Quando, telefonicamente, lo sentivo giù – e negli ultimi tempi talvolta
capitava –, gli dicevo sempre: “Costanzo, ricordati di quello che hai
fatto, che ciò che hai scritto ha un valore enorme, che hai realizzato
qualcosa di straordinariamente utile per tutti”. Quando sento docenti
che non valgono un unghia di Costanzo rivolgere critiche – senza,
ovviamente, mai argomentarle – a questo libro, mi limito a sorridere.
La
consapevolezza che la sua vita aveva avuto un senso ed un valore
importanti, lo ha accompagnato negli ultimi anni; con noi lo diceva:
“Sono contento della mia vita, ho fatto quello che volevo: scrivere di
filosofia, diventare un filosofo”. La sua ultima intervista, rilasciata
nella sua casa di Torino circa un mese prima della sua morte, uscirà a
gennaio 2014 nel prossimo numero di Koinè, che sarà intitolato appunto Senso e valore della filosofia; la
rivista ospiterà anche quello che, almeno a mia conoscenza, è stato il
suo ultimo scritto, ovvero una lunga recensione di 15 pagine al libro,
da me composto con Carmine Fiorillo, intitolato Il necessario fondamento umanistico del“comunismo”.
Negli
ultimi due anni, più degli incontri – a causa della distanza geografica
che ci divideva – erano frequenti le telefonate.

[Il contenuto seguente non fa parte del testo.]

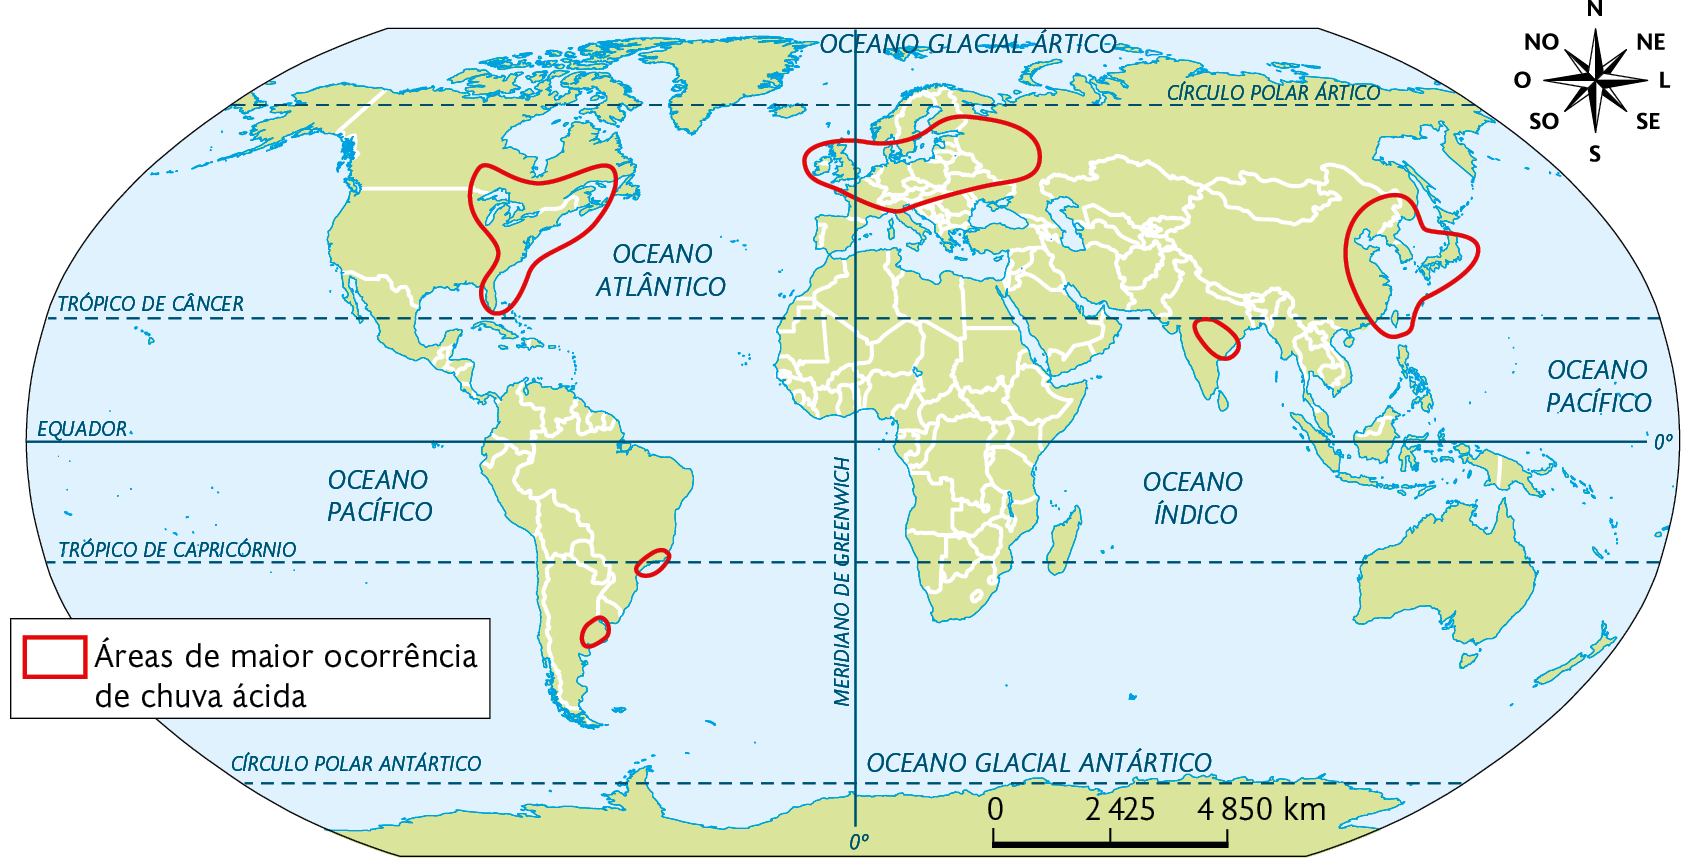 Mapa. Áreas de ocorrência da chuva ácida no mundo (2019). 
Áreas de maior ocorrência de chuva ácida: leste da América do Norte, duas áreas pequenas na costa leste da América do Sul, norte da Europa, sul e leste da Ásia. No canto superior direito, a rosa dos ventos. Na parte inferior, a escala: 4850 quilômetros por centímetro.

Alcuni amici mi
dicevano spesso di averlo sentito piangere al telefono, per la
depressione di cui soffriva, acuita dai vari problemi di salute. Con me
non è mai capitato. Si faceva forza, ma non perché sentiva una qualche
forma di “soggezione” nei miei confronti (tra i giovani amici ero
comunque “il più vecchio”), bensì – penso – per una forma di cura nei
miei confronti, come se non volesse farmi preoccupare, quasi per
lasciarmi scrivere più tranquillo. Per Costanzo era infatti importante
soprattutto quello che rimaneva da fare, da scrivere; non rileggeva mai i
suoi libri, bensì pensava sempre al libro successivo, di cui io ed
Alessandro Monchietto eravamo pressoché sempre,negli ultimi 6-7 anni, i
primi lettori.
Mi congedo allora con il ricordo non della
nostra ultima telefonata, ma della penultima. Ci eravamo visti due
giorni prima. Ricordo esattamente le sue parole conclusive. Mi disse:
“Luca, ricordati sempre che io ti voglio davvero bene”. Ed io, un po’
imbarazzato, per una certa difficoltà ad esprimere i sentimenti che da
sempre mi caratterizza: “Sai che vale anche per me”. E lui di nuovo:
“No, forse non hai capito. Devi ricordarti che io ti voglio davvero
bene”. Ed io ancora: “Ti ringrazio Costanzo, lo sai…”.E lui, un’ultima
volta: “No no, io voglio essere sicuro che hai capito che ti voglio
davvero bene”. Ed io, allora, l’ho rassicurato, questa volta un po’
commosso.
Caro Costanzo, voglio salutarti così, con una
delle tante cose che ho imparato da te. Mi ricordo quando mi hai detto
che i Greci, quando devono salutare un amico che non vedranno per un po’
di tempo, non stanno ad esprimere lungamente i propri sentimenti, ma
usano queste parole: “le cose note…”. Permettimi allora, come i nostri
amati Greci, di salutarti così, con queste tre parole; quelle cose note
che non potremo più dirci, ma che, come sai, conoscevamo bene.